4. Flavor Bomb in a Bowl
Garlic, ginger, tamari, sesame oil, sambal… every bite = savory, spicy, umami magic.
5. Packed with Veggies
A full 8 cups of coleslaw mix makes this secretly nourishing—without feeling like a salad.
6. Meal Prep Gold
Layer it in jars or store it in bowls—this one tastes even better the next day.
7. Crowd (and Kid) Friendly
Spice it up or keep it mild, use rice or cauli rice—this dish adapts to your people.

Ingredient Breakdown
This isn’t one of those recipes where you need 27 specialty ingredients and a ring light. Everything here is easy to find, easy to prep, and designed to make you feel like you’ve got your life together—even if you’re cooking in sweats with 6% energy.
The Protein Base
- Ground chicken: High in protein, mild in flavor, and perfect for soaking up all that savory goodness.
→ Sub with ground turkey, pork, beef, or even tofu if that’s your vibe. - Olive oil: For sautéing and bringing everything together. Use avocado oil if you prefer.
The Flavor Bombs
- Kosher salt: Essential for balance.
- Tamari: A gluten-free soy sauce that brings the salty, umami depth we love.
- Sesame oil: A tiny bit goes a long way—smoky, toasty, and rich.
- Garlic + fresh ginger: The ultimate duo.
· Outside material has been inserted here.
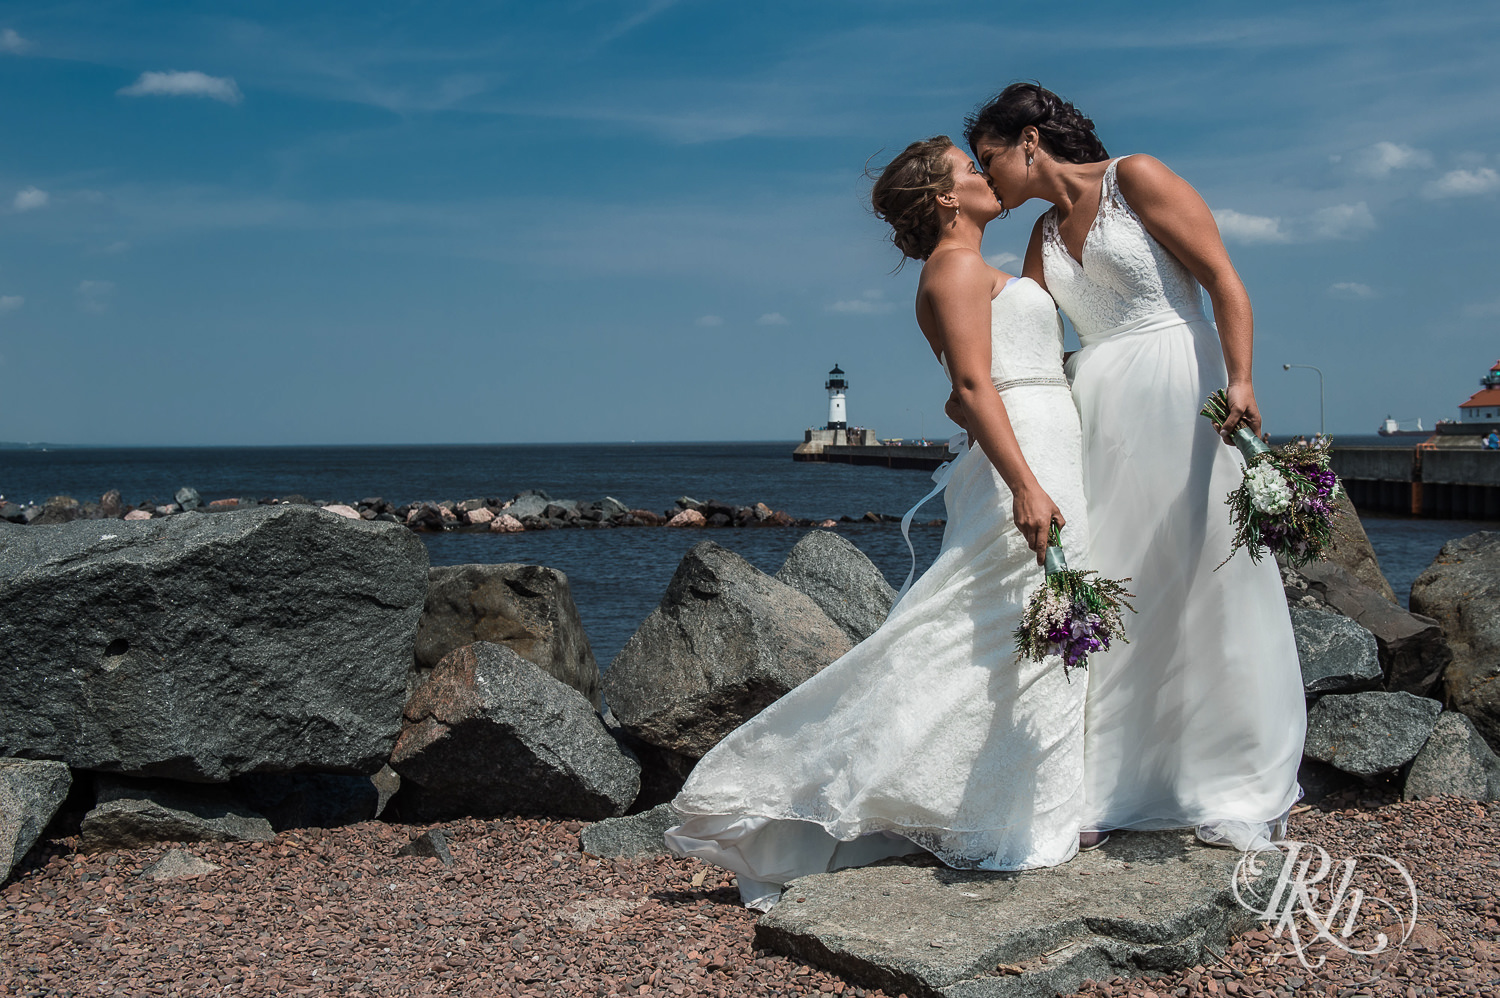 Lesbian brides kiss on the shore of Lake Superior in Duluth, Minnesota.

Bright, warm, and anti-inflammatory queens.
- Sambal oelek or sriracha: Adds heat and depth—adjust based on your spice level.
The Veggie Magic
- Coleslaw mix: AKA your shortcut to shredded cabbage + carrots without doing the most.
→ Want to DIY it? Use 5 cups green cabbage, 2 cups purple, ½ cup carrots. - Green onions: Stir some in, save some for garnish. Adds freshness + crunch.
The Optional Extras
- Sushi rice or cauliflower rice: Choose your adventure—comfort or lightness.
- Black sesame seeds + cilantro: The finishing touches that make it look and taste fancy.

Step-by-Step Instructions
Title: How to Make the Best Egg Roll in a Bowl (or Jar!) in 30 Minutes
This is one of those recipes that tastes like you worked way harder than you did. One pan. Big flavor. No fuss. Here’s how to bring it all together without losing your mind—or your clean kitchen.
1. Heat Your Pan + Cook the Chicken
In a large skillet or Dutch oven, heat 2 tablespoons olive oil over medium-high heat.
Add 2 pounds of ground chicken and sprinkle with ½ teaspoon kosher salt.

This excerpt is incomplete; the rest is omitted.